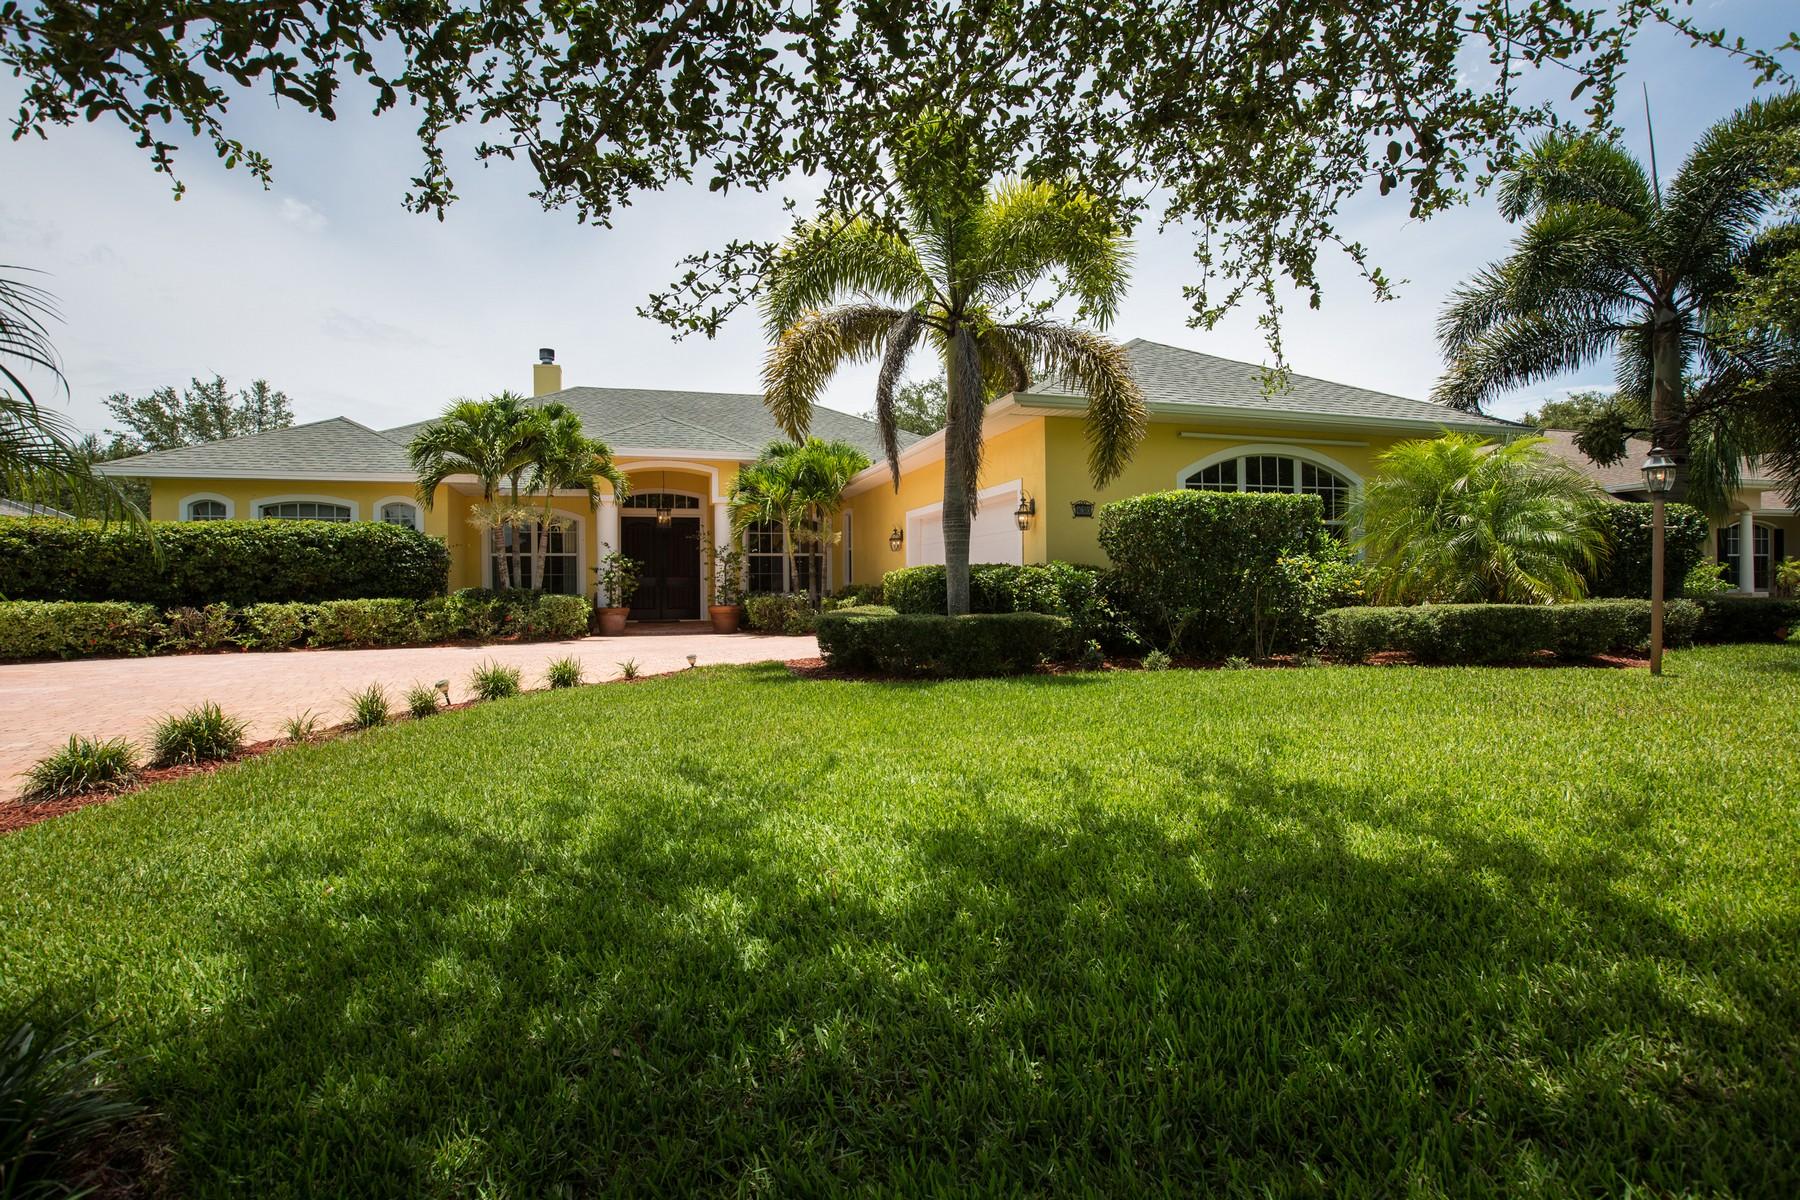 Casa Unifamiliar por un Venta en Elegant Lakefront Home in The Crossings 430 34th Avenue Vero Beach, Florida 32968 Estados Unidos
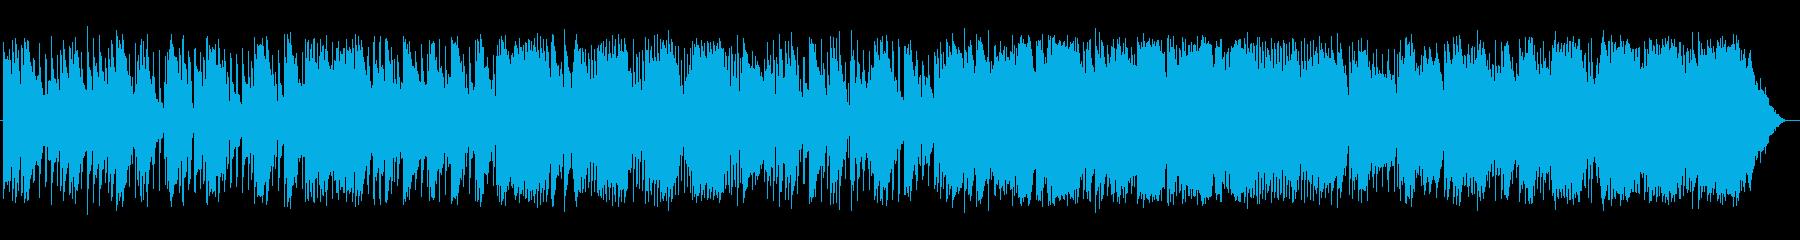 切ないセンチメンタルなバラードの再生済みの波形
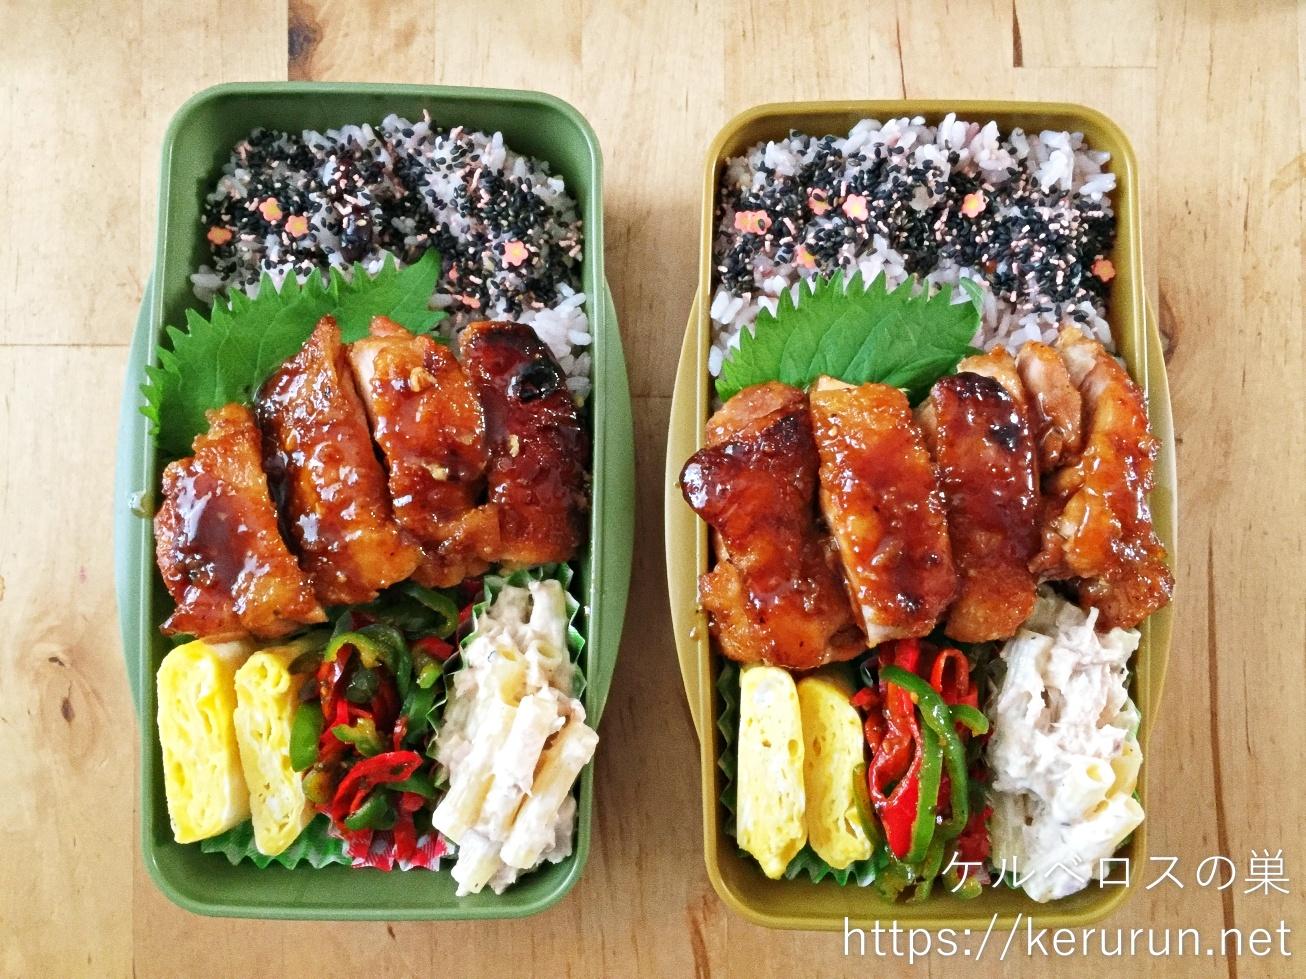 さくらどりもも肉で作る鶏の照り焼き弁当
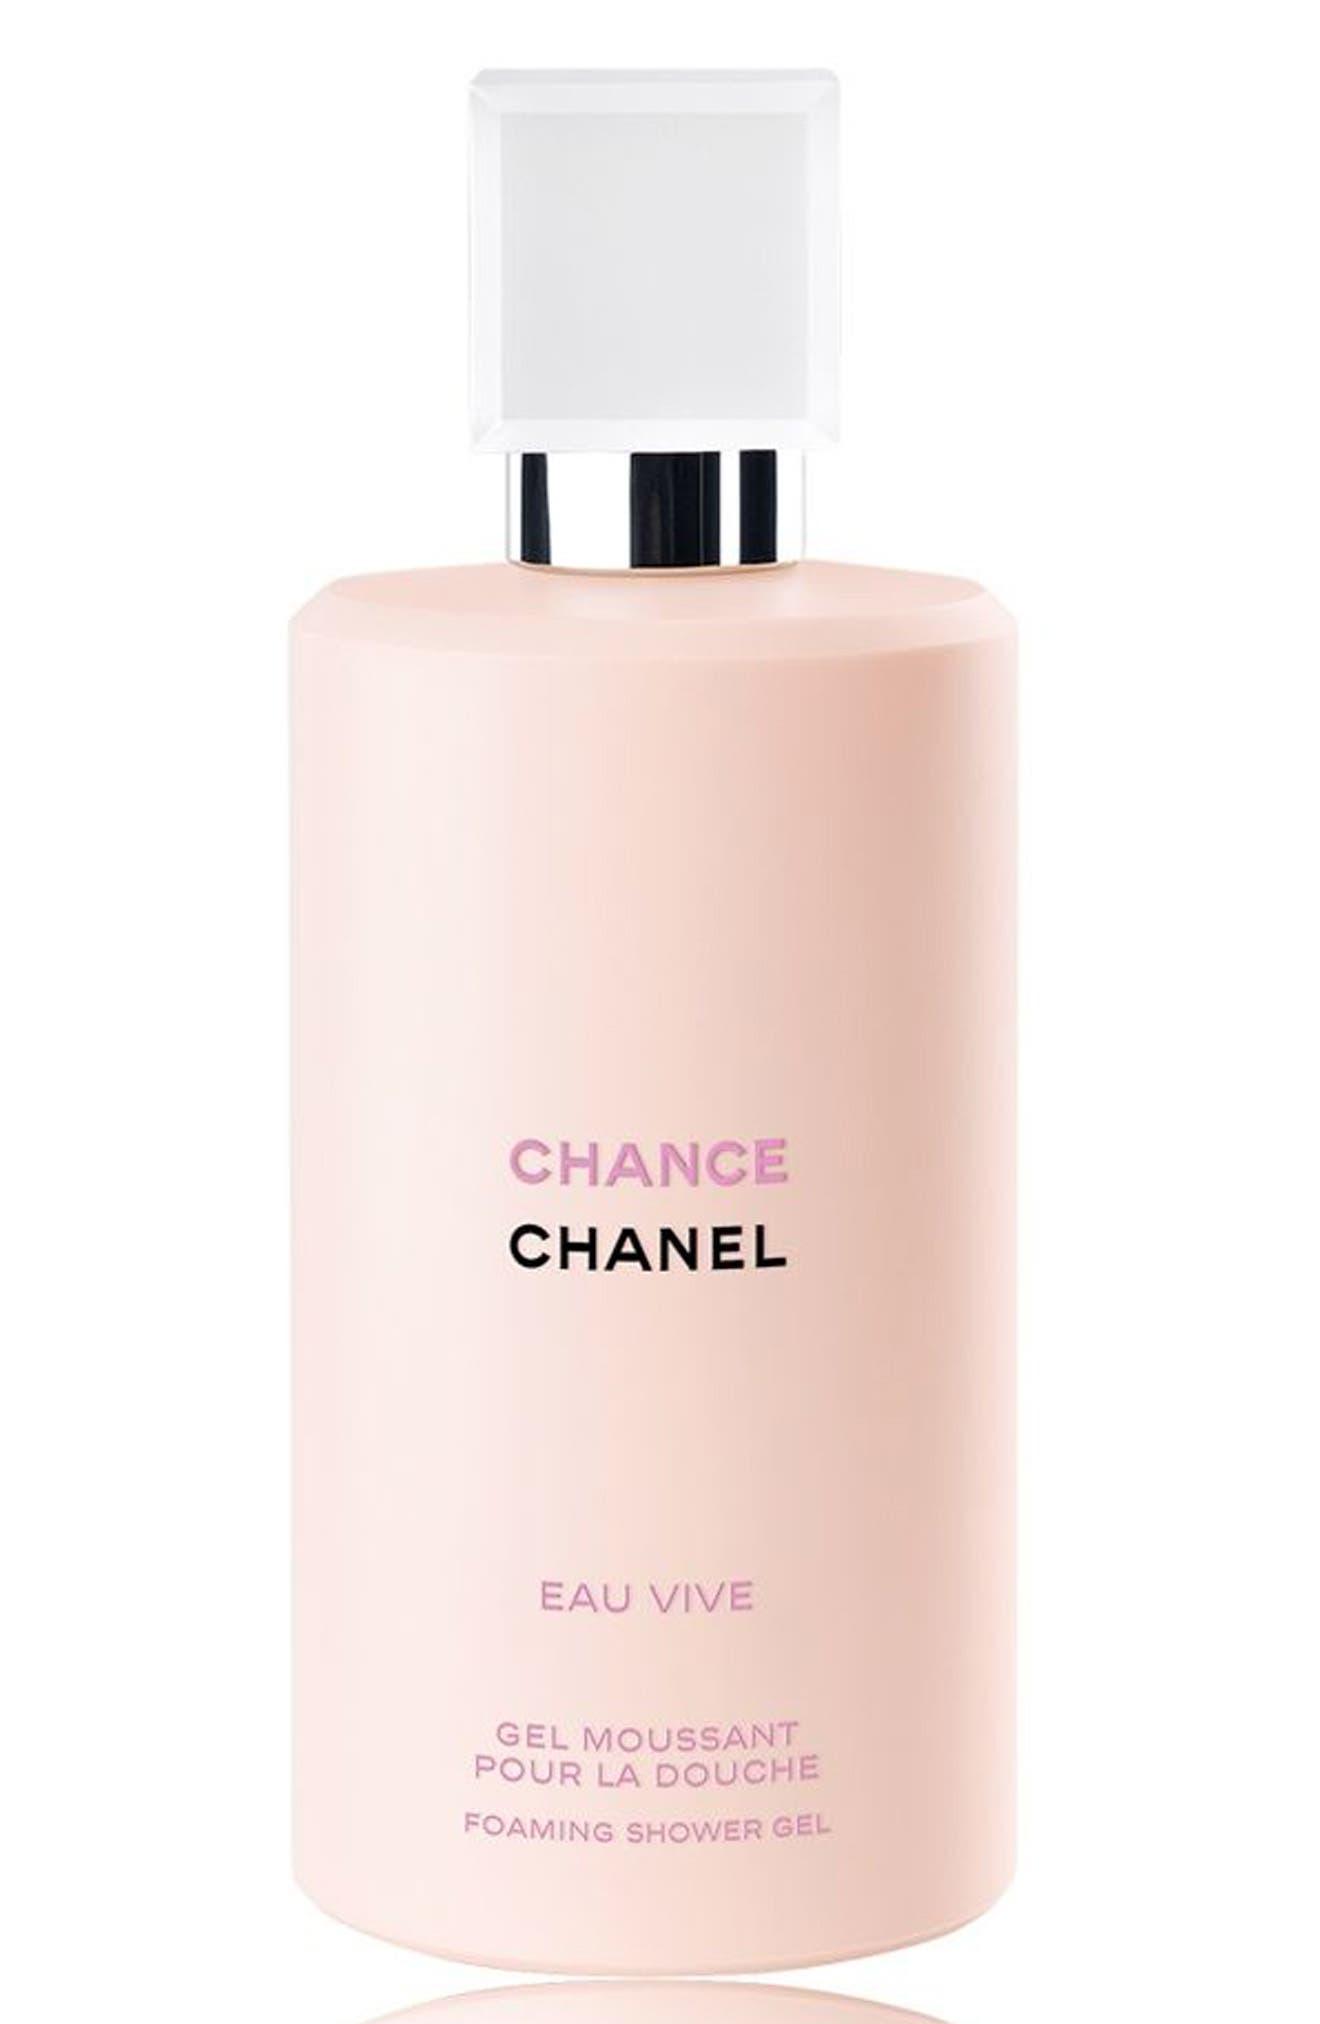 CHANEL CHANCE EAU VIVE Foaming Shower Gel

**EXERCISE DESCRIPTION:** Locate "切ないセンチメンタルなバラードの再生済みの波形" in the listing above, then print exactly the lines from that line through the final one, omitting all pictures.

**WRITTEN SOLUTION:**
 切ないセンチメンタルなバラードの再生済みの波形
 さくらどりもも肉で作る鶏の照り焼き弁当
 CHANEL CHANCE EAU VIVE Foaming Shower Gel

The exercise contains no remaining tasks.